How is it possible that I receive a packet from the same USRP that transmitted it?

Hello all,

Currently I am testing a modified version of tunnel.py, but I am seeing
some
strange results. My modifications were essentially a re-factoring to
prepare
for future additions, however somehow I was able to receive a
transmitted
packet on the same USRP that transmitted it.

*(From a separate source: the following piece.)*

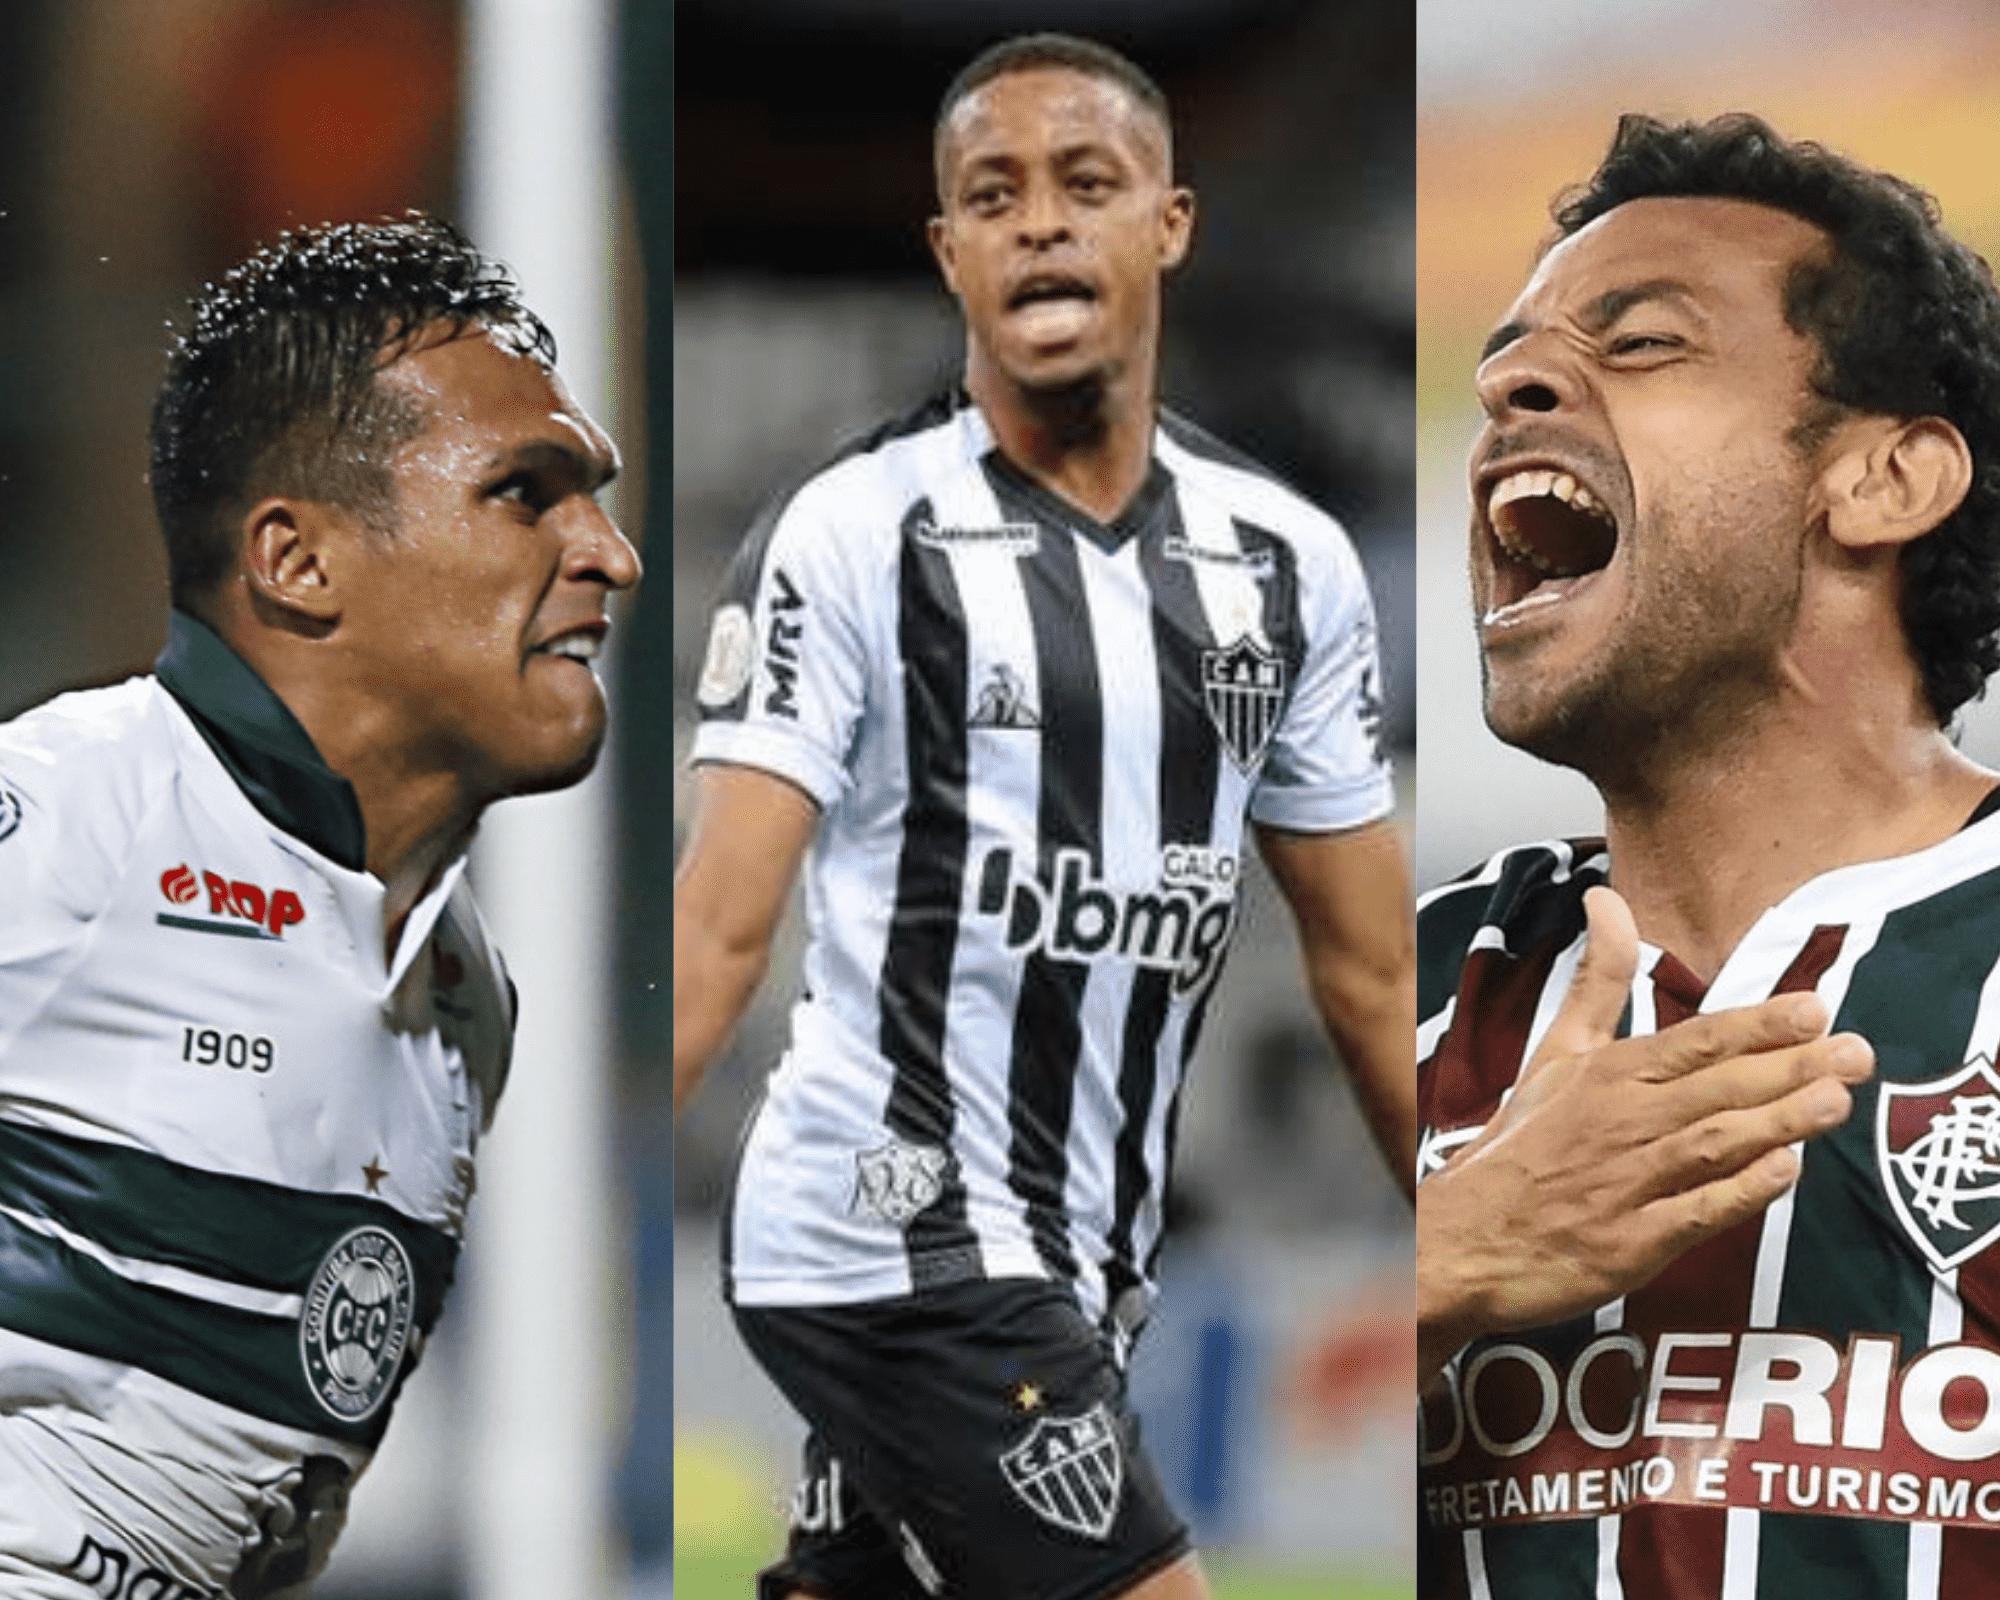 Imagem mostra jogadores do Cartola FC suspensos

The USRP transmit/receive paths are set-up exactly the same as in the
original tunnel.py, the only difference is that I abstracted the tun/tap
layer a bit (in order to improve the MAC layer functionality). I did not
change the cs_mac loop and I am only using a single USRP with the
modified
tunnel to flood PING requests. I am using only a single antenna on a WBX
d’board.

I know that I am receiving a transmitted packet because in
phy_rx_callback()
I am using scapy to dump the packet and inspect its contents. This
doesn’t
happen consistently - I am flooding out PING requests but only a
relative
few are “looped back” (for lack of a better word).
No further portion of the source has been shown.